- Native to: Philistia
- Ethnicity: Philistines
- Extinct: c. 7th century BC
- Language family: Afroasiatic SemiticWest SemiticCentral SemiticNorthwest SemiticCanaaniteNorthIron Age Philistine; ; ; ; ; ; ;

Language codes
- ISO 639-3: None (mis)
- Glottolog: None

= Philistine language =

Ancient languages spoken by the Philistines

The Philistine language (/ˈfɪləstiːn, ˈfɪləstaɪn, fəˈlɪstən, fəˈlɪstiːn/) is the extinct language of the Philistines. Very little is known about the language, of which a handful of words survived as cultural loanwords in Biblical Hebrew describing specifically Philistine institutions, like the serānim, the "lords" of the Philistine five cities ("pentapolis"), the ʿargāz receptacle, mentioned in 1 Samuel 6, and the title paḏi.

==Classification==
To judge from inscriptions alone, it could appear that the Philistine language is simply part of the local Canaanite dialect continuum, which includes Hebrew, Edomite, Moabite, and Phoenician. For instance, the Ekron inscription, identifying the archaeological site securely as the Biblical Ekron, is the first connected body of text to be identified as Philistine, on the basis of its location. However, it is written in a Canaanite dialect similar to Phoenician and Hebrew.

There is not enough information about the original language of the Philistines to relate it confidently to any other languages. Possible relations to Indo-European languages, even Mycenaean Greek, support the theory that immigrant Philistines originated among "sea peoples". There are hints of non-Semitic vocabulary and onomastics, but the inscriptions are enigmatic: a number of inscribed miniature "anchor seals" have been found at various Philistine sites.
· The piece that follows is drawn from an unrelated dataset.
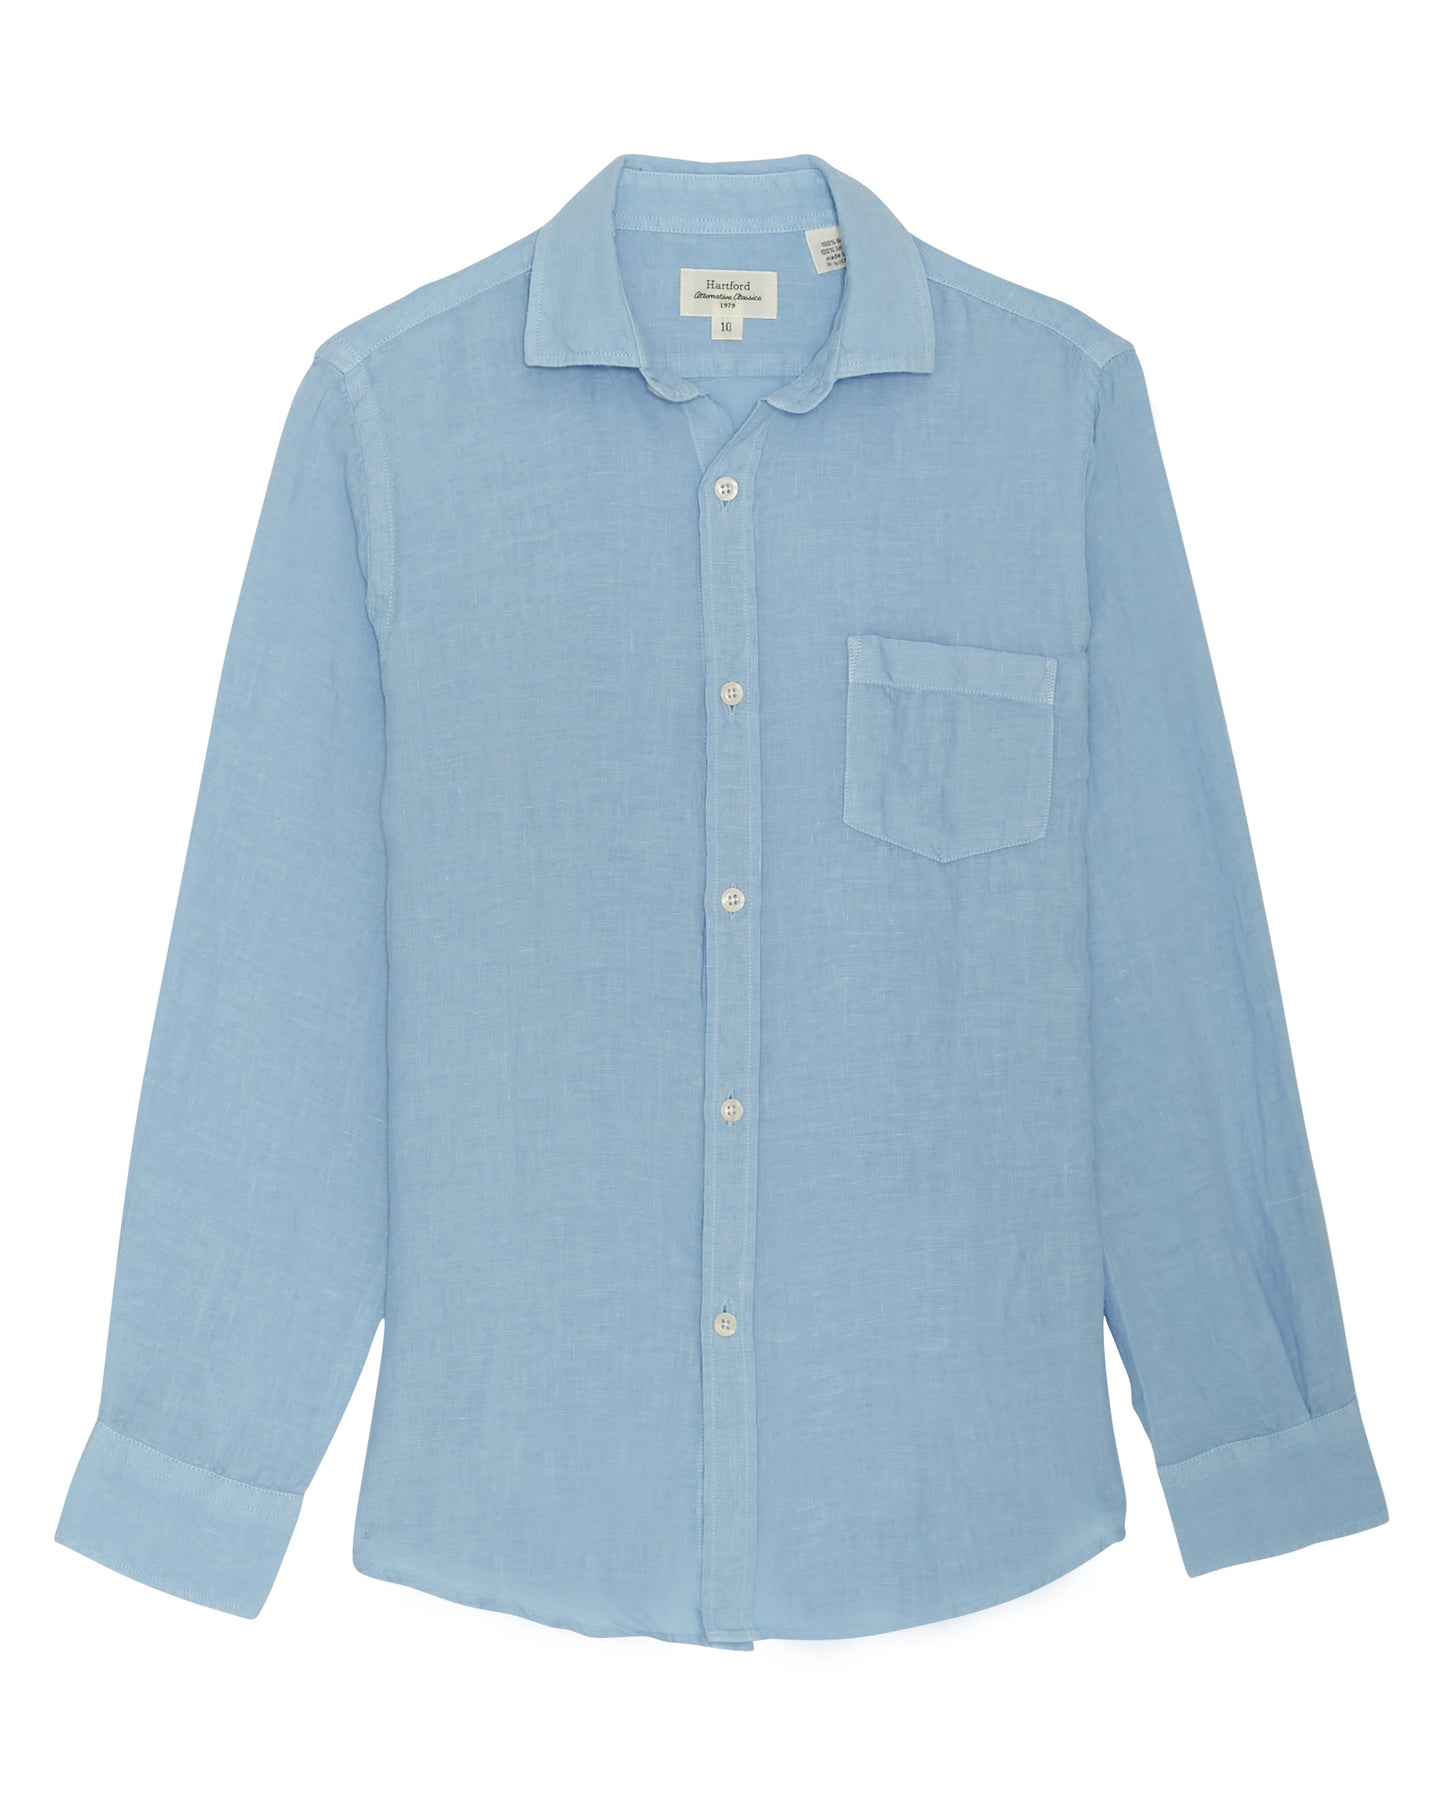 Paul Boys' Light Blue Linen Shirt
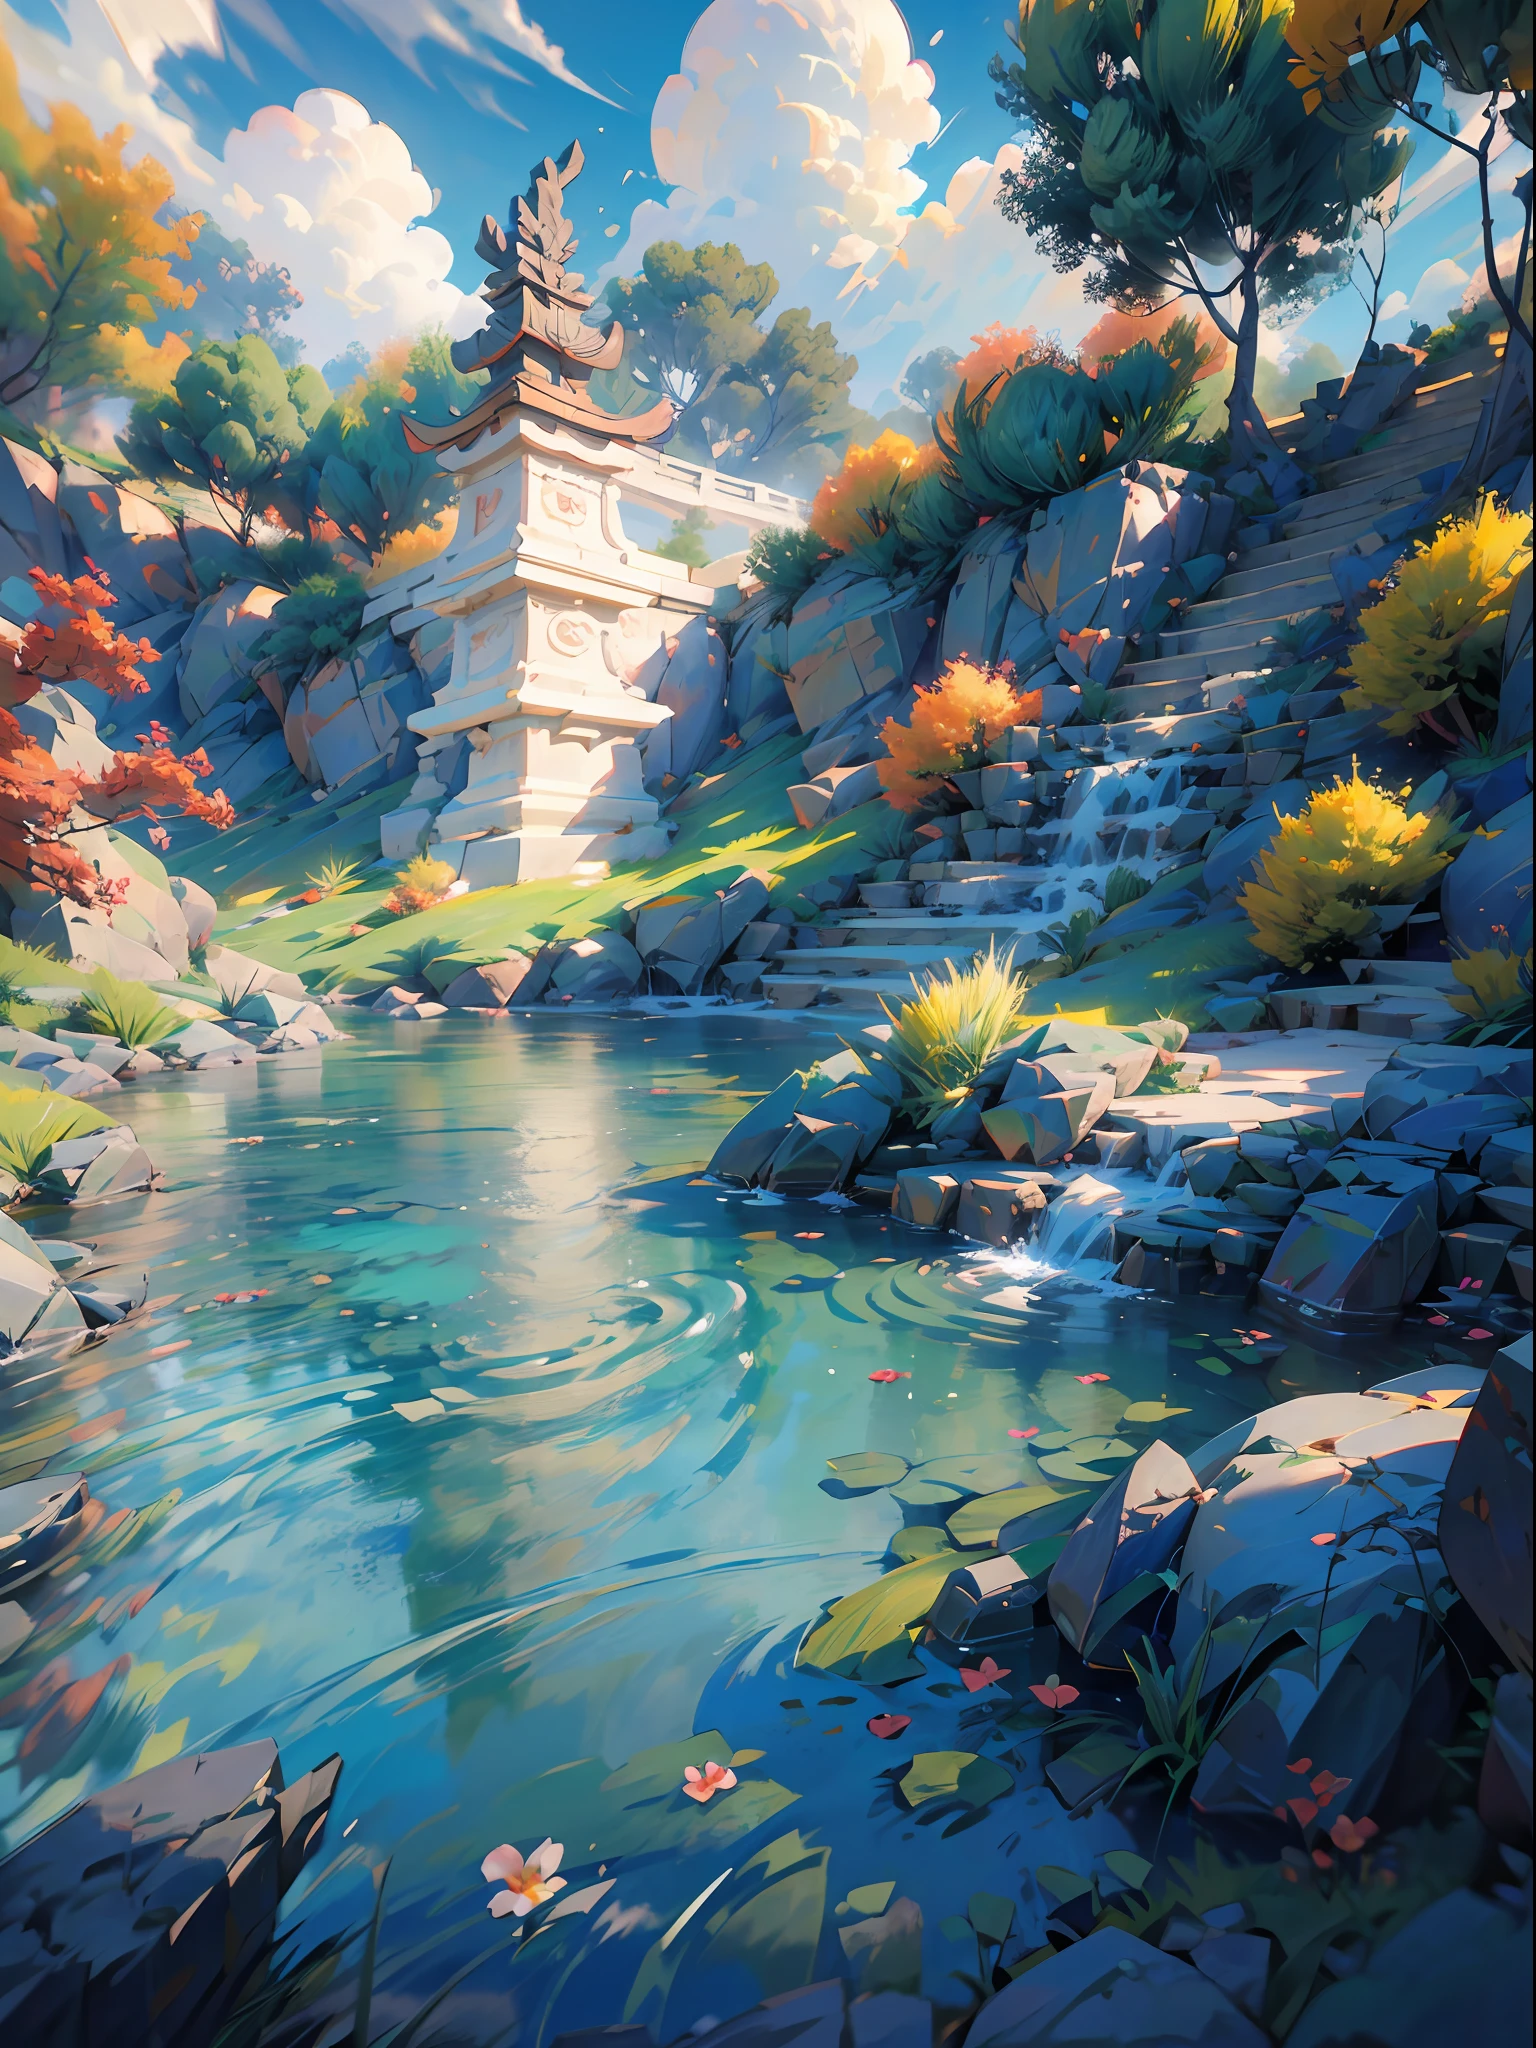 Un fondo de pantalla CG unity 8K increíblemente detallado y fotorrealista, la belleza de un jardín chino clásico, El impresionante paisaje presenta un sereno lago y un río rodeados de exuberante vegetación y majestuosos árboles., luz natural, cielo azul, Nubes esponjosas, cascada, bokeh, profundidad de campo, hdr, floración, aberración cromática, y detalles intrincados

On the other hand, evidence from the slender corpus of brief inscriptions from Iron Age IIA–IIB Tell es-Safi (Tell es-Safi inscription) demonstrates that at some stage during the local Iron Age, the Philistines started using one of the dialects of the local Canaanite language and script, which in time masked and replaced the earlier, non-local linguistic traditions, which doubtless became reduced to a linguistic substratum, for it ceased to be recorded in inscriptions. Towards the end of the Philistine settlement in the area, in the 8th and the 7th centuries BC before their destruction by Assyria, the primary written language in Philistia was a Canaanite dialect that was written in a version of the West Semitic alphabet so distinctive that Frank Moore Cross termed it the "Neo-Philistine script". The Assyrian and Babylonian conquests destroyed the Philistine presence on the coast. When documentation resumes, under the Achaemenid Empire (Persian Empire), it is in Imperial Aramaic, the lingua franca of the Neo-Assyrian, Neo-Babylonian, and Achaemenid empires.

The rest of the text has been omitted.